# 2008 MKV VW GTI/ IPOD INTERFACE IN ARM REST



## tookomkv (Aug 19, 2008)

CAN ANYONE HELP ME ? I HAVE A 2008 MKV GTI WITH FACTORY IPOD DOCK. I HAVE ATTEMPTED TO USE MY IPOD AS A PLUG N PLAY.IPOD IS WORKING FINE AND HAS BEEN UPDATED. IPOD SCREEN DISPLAYS VW SYMBOL ON INITIAL PLUG IN, BUT RADIO WITH BUILT IN CD CHANGER HAS FAILED TO RECOGNIZE IPOD AND SWITCH TO AUXILLARY. DOES ANYONE KNOW A SOLUTION TO THIS?????????
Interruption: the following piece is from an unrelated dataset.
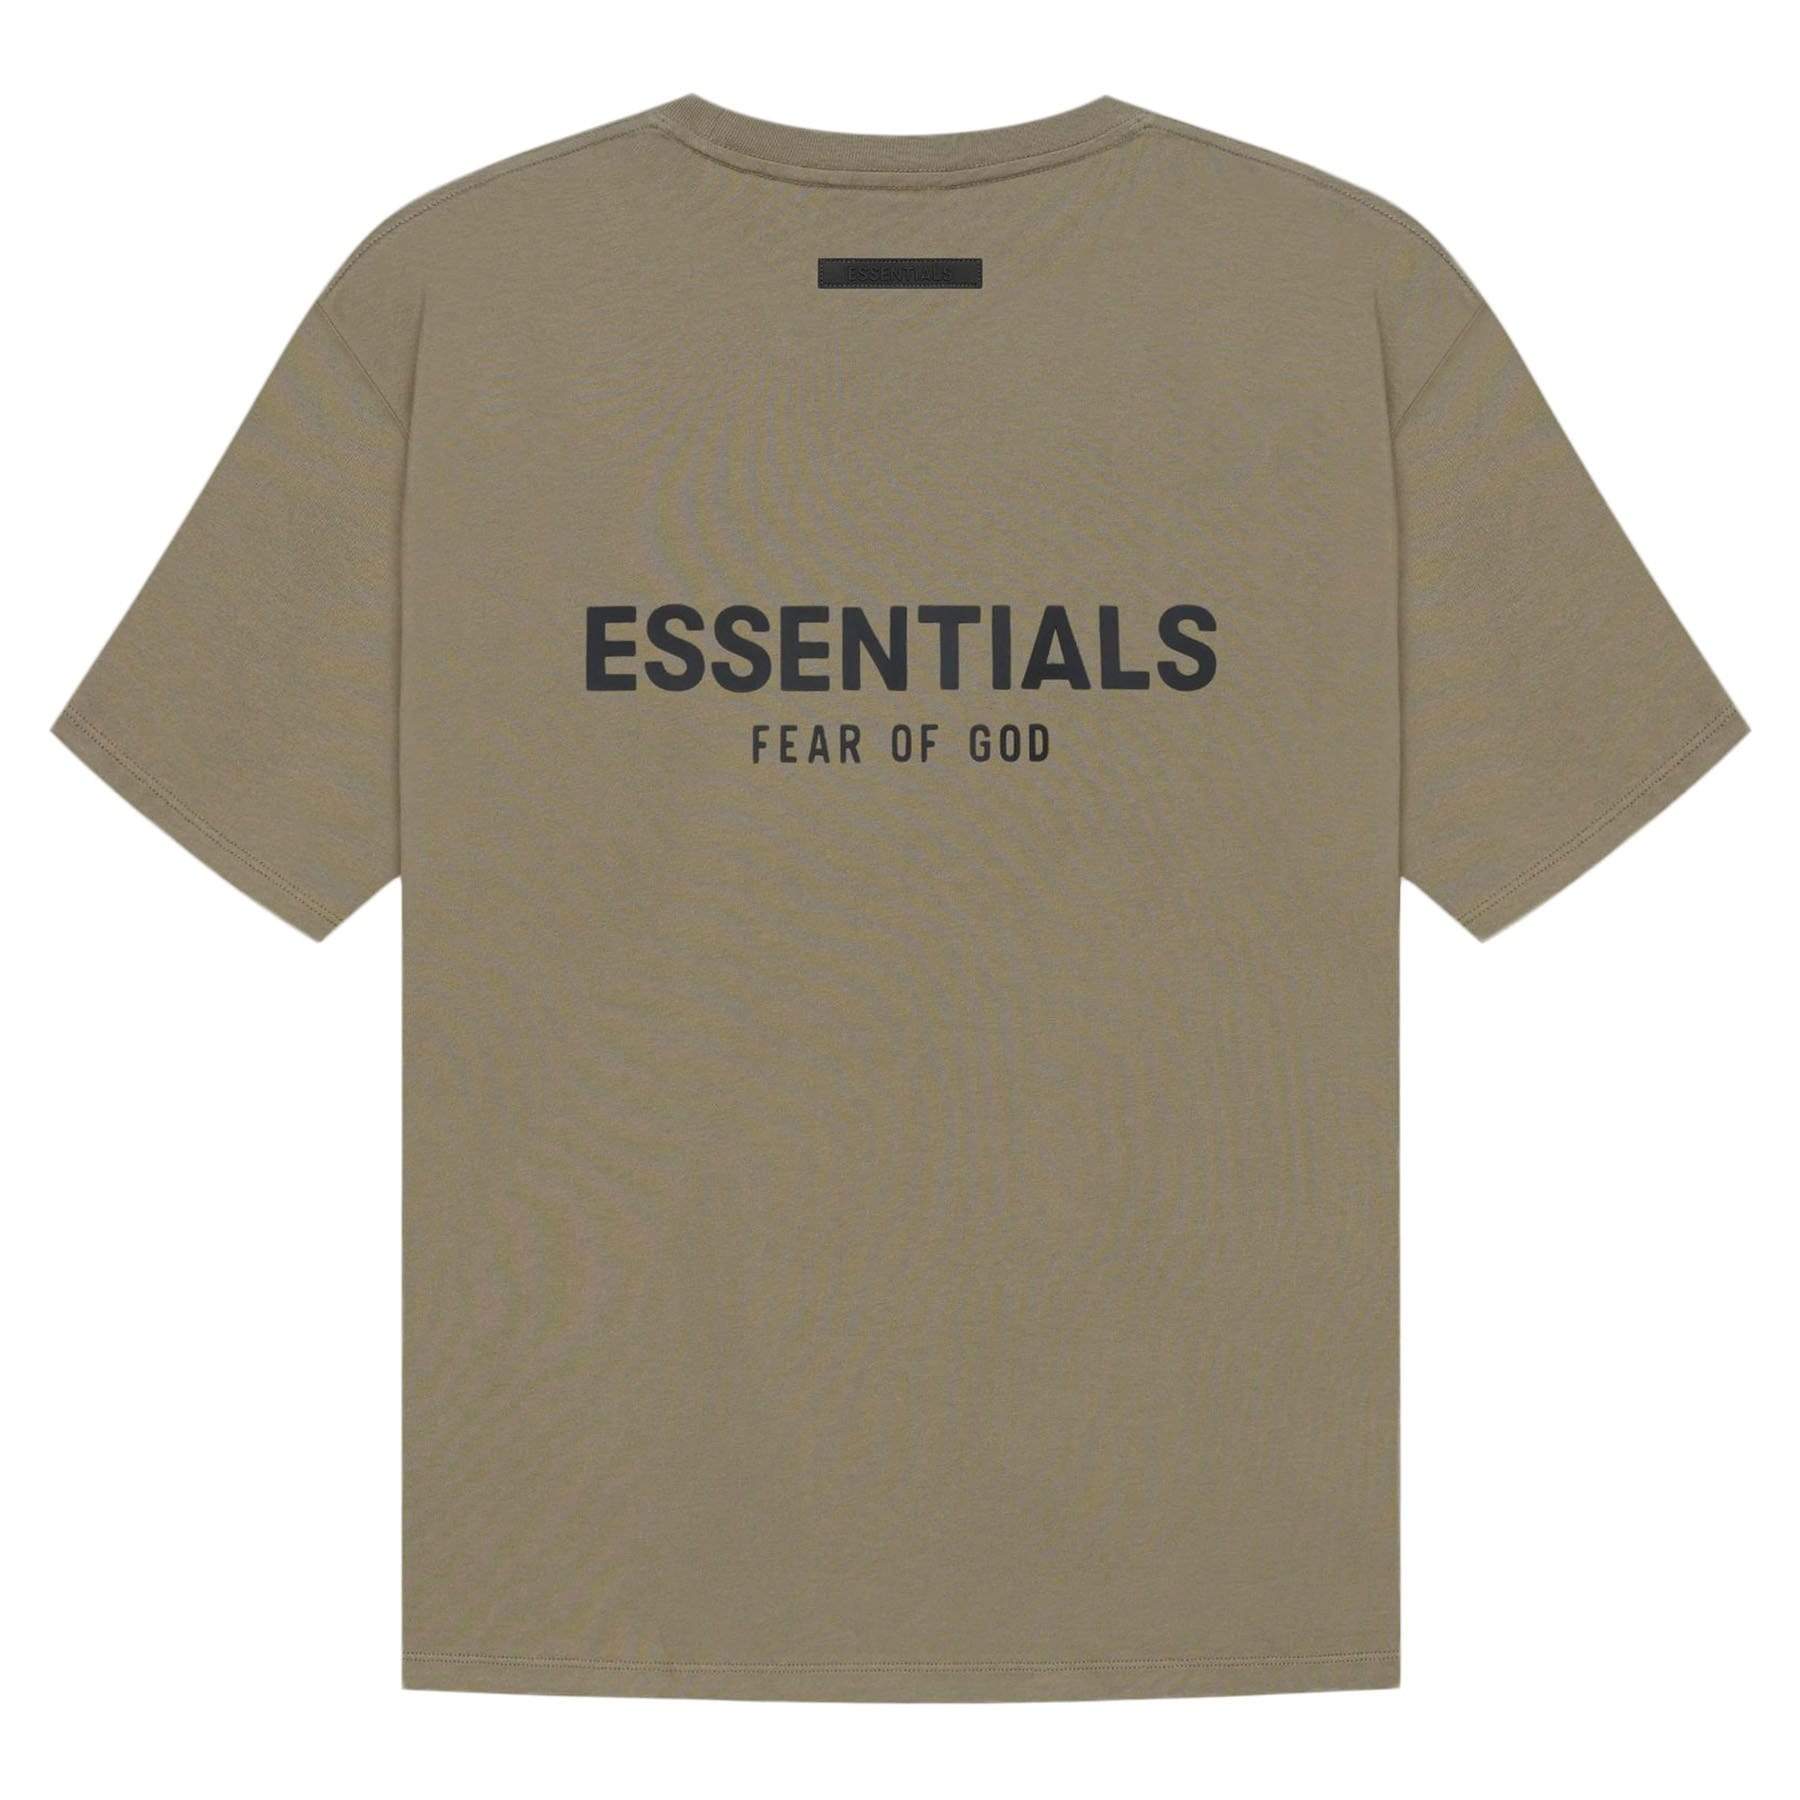 FEAR OF GOD ESSENTIALS T-SHIRT ‘TAUPE’ (SS21)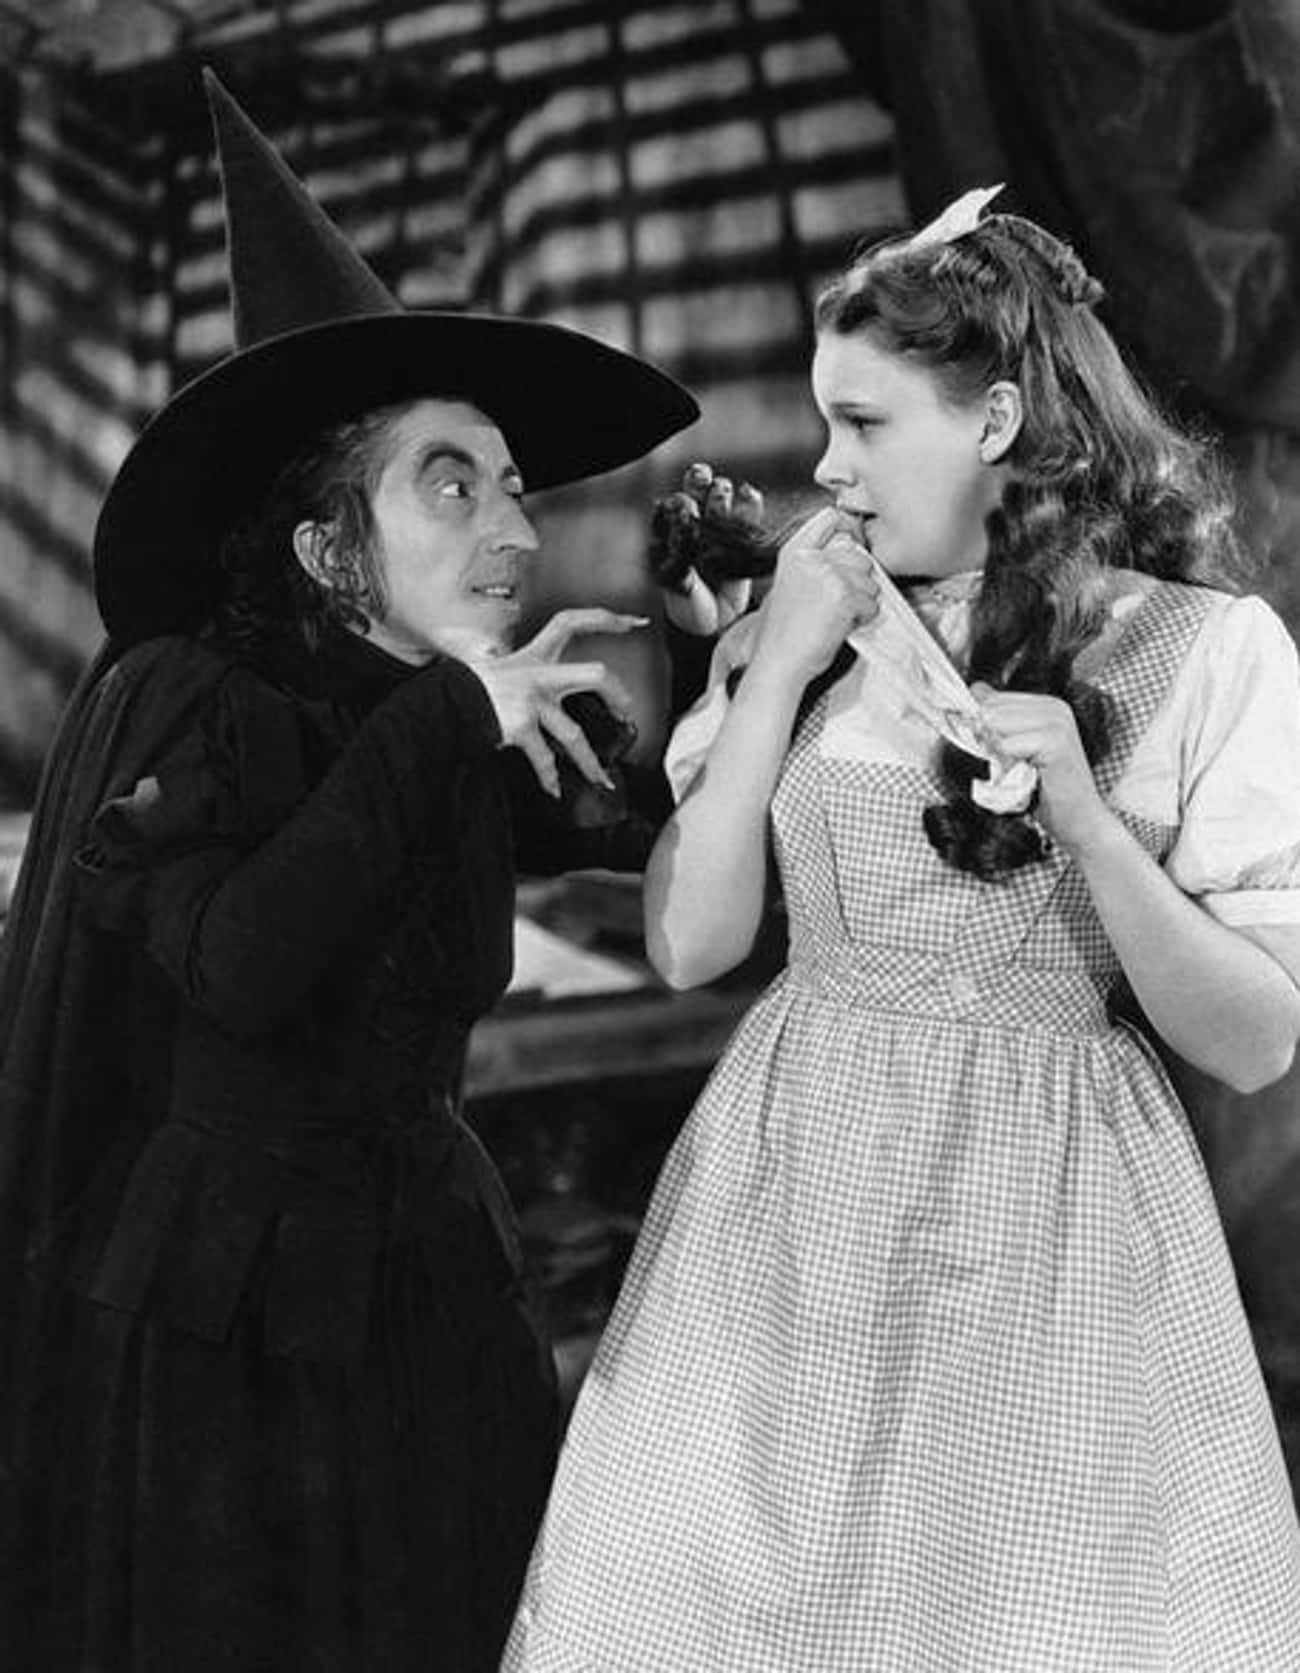 She Suffered Severe Burns While Filming 'The Wizard Of Oz'

_Modified by tookomkv at 5:16 AM 9-7-2008_


----------



## RAJetta1.8T (Aug 22, 2002)

*Re: 2008 MKV VW GTI/ IPOD INTERFACE IN ARM REST (tookomkv)*

Your post is somewhat confusing. If you have the built-in armrest ipod interface than you shouldn't have a CD changer as well. The radio essentially sees playlist 1-5 as CD 1-5, and CD 6 is your entire music collection. This DOES NOT play through the aux button - that is for the plug-in jack in the glove box. There is no functionality on the armrest ipod interface to browse your music collection apart from stepping through the tracks one at a time. (also, take off the caps lock and stop shouting).


----------